We create four synthetic datasets, each designed to test a specific indicator type.

In [None]:
rng = np.random.default_rng(42)
n = 300

# SIS data: mean shifts at t=100 and t=200
y_sis = np.concatenate([
    rng.normal(0.0, 1.0, 100),
    rng.normal(3.0, 1.0, 100),
    rng.normal(1.0, 1.0, 100),
])

# IIS data: noise with 3 large outliers
y_iis = rng.normal(0.0, 1.0, n)
y_iis[50] += 8.0
y_iis[150] += -7.0
y_iis[250] += 9.0

# MIS data: regression with slope change at t=150
x_mis = rng.standard_normal(n)
y_mis = np.zeros(n)
y_mis[:150] = 1.0 + 0.5 * x_mis[:150] + rng.normal(0, 0.5, 150)
y_mis[150:] = 1.0 + 2.0 * x_mis[150:] + rng.normal(0, 0.5, 150)

# TIS data: trend slope change at t=150
trend1 = np.arange(150) * 0.02
trend2 = trend1[-1] + np.arange(150) * (-0.01)
y_tis = np.concatenate([trend1, trend2]) + rng.normal(0, 0.3, n)

# Visualize all four datasets
fig, axes = plt.subplots(2, 2, figsize=(12, 8))
for ax, y, title, breaks in zip(
    axes.flat,
    [y_sis, y_iis, y_mis, y_tis],
    ["Mean Shifts (SIS)", "Outliers (IIS)", "Slope Change (MIS)", "Trend Break (TIS)"],
    [[100, 200], [50, 150, 250], [150], [150]],
):
    ax.plot(y, linewidth=0.8)
    for bp in breaks:
        ax.axvline(bp, color="red", linestyle="--", alpha=0.5)
    ax.set_title(title)
    ax.set_xlabel("Observation")
plt.tight_layout()
plt.show()

## 2. Step Indicator Saturation (SIS)

SIS is the workhorse of indicator saturation.
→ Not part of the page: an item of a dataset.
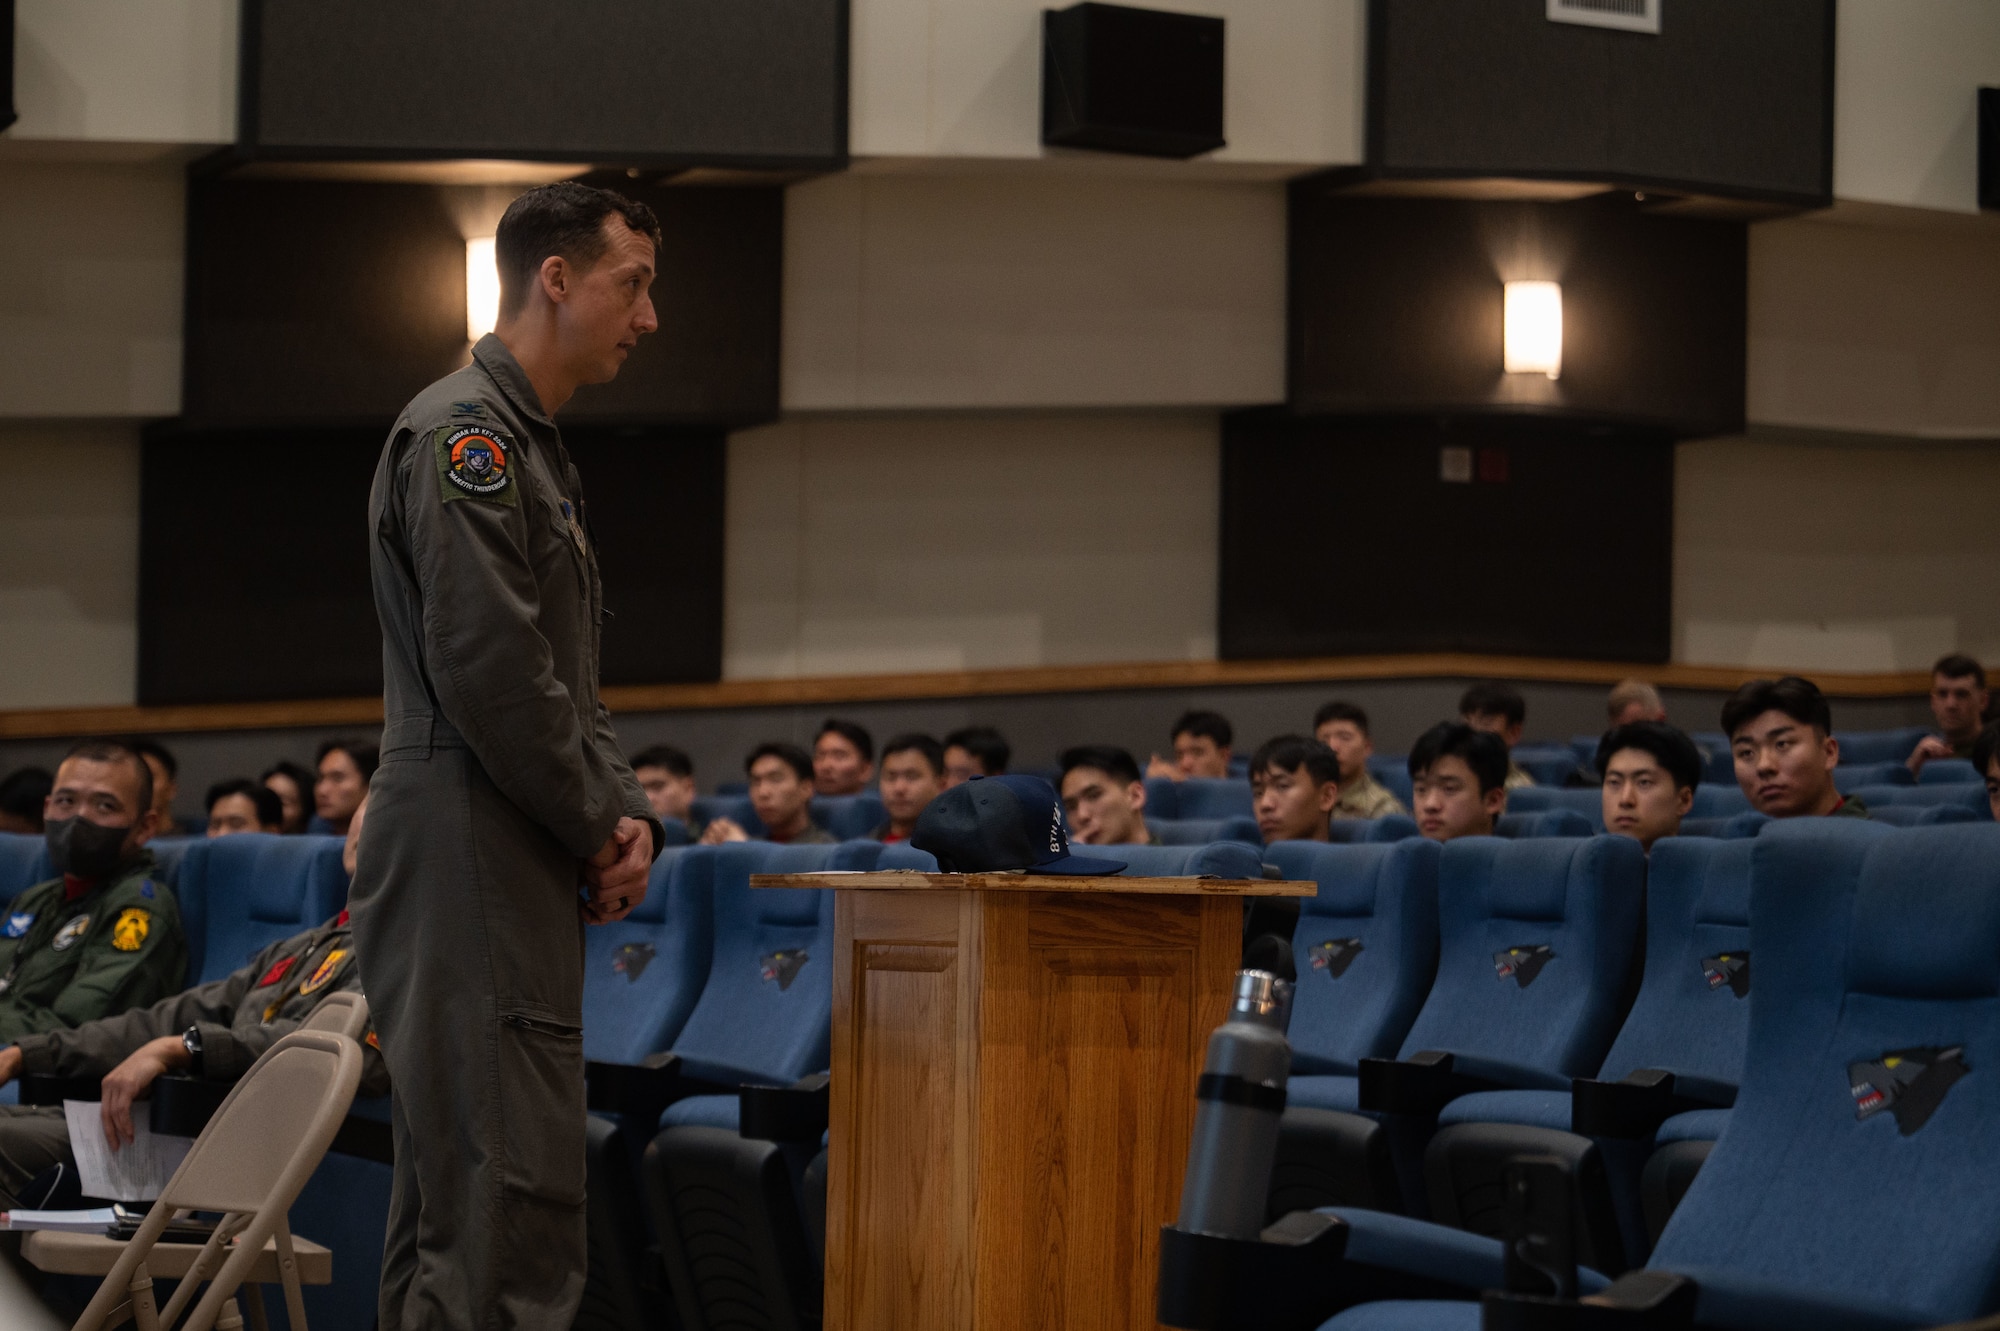 U.S. Air Force Col. Michael G. McCarthy, 8th Operation Group commander, delivers opening remarks at a welcoming briefing before the start of Korea Flying Training 24 at Kunsan Air Base, Republic of Korea

It creates a step indicator for every candidate
break date (one per observation within the trimmed sample), includes them in the model, and
uses the GETS algorithm to select which ones are significant.

The retained step indicators identify **level shifts in the intercept**.

In [None]:
result_sis = rg.isat(y_sis, sis=True, alpha=0.01)
print(result_sis.summary())

In [None]:
# Explore the results
print(f"Break dates:            {result_sis.break_dates}")
print(f"Number of regimes:      {result_sis.n_regimes}")
print(f"Retained indicators:    {result_sis.retained_indicators}")
print(f"Candidate indicators:   {result_sis.n_indicators_initial}")
print(f"Retained:               {result_sis.n_indicators_retained}")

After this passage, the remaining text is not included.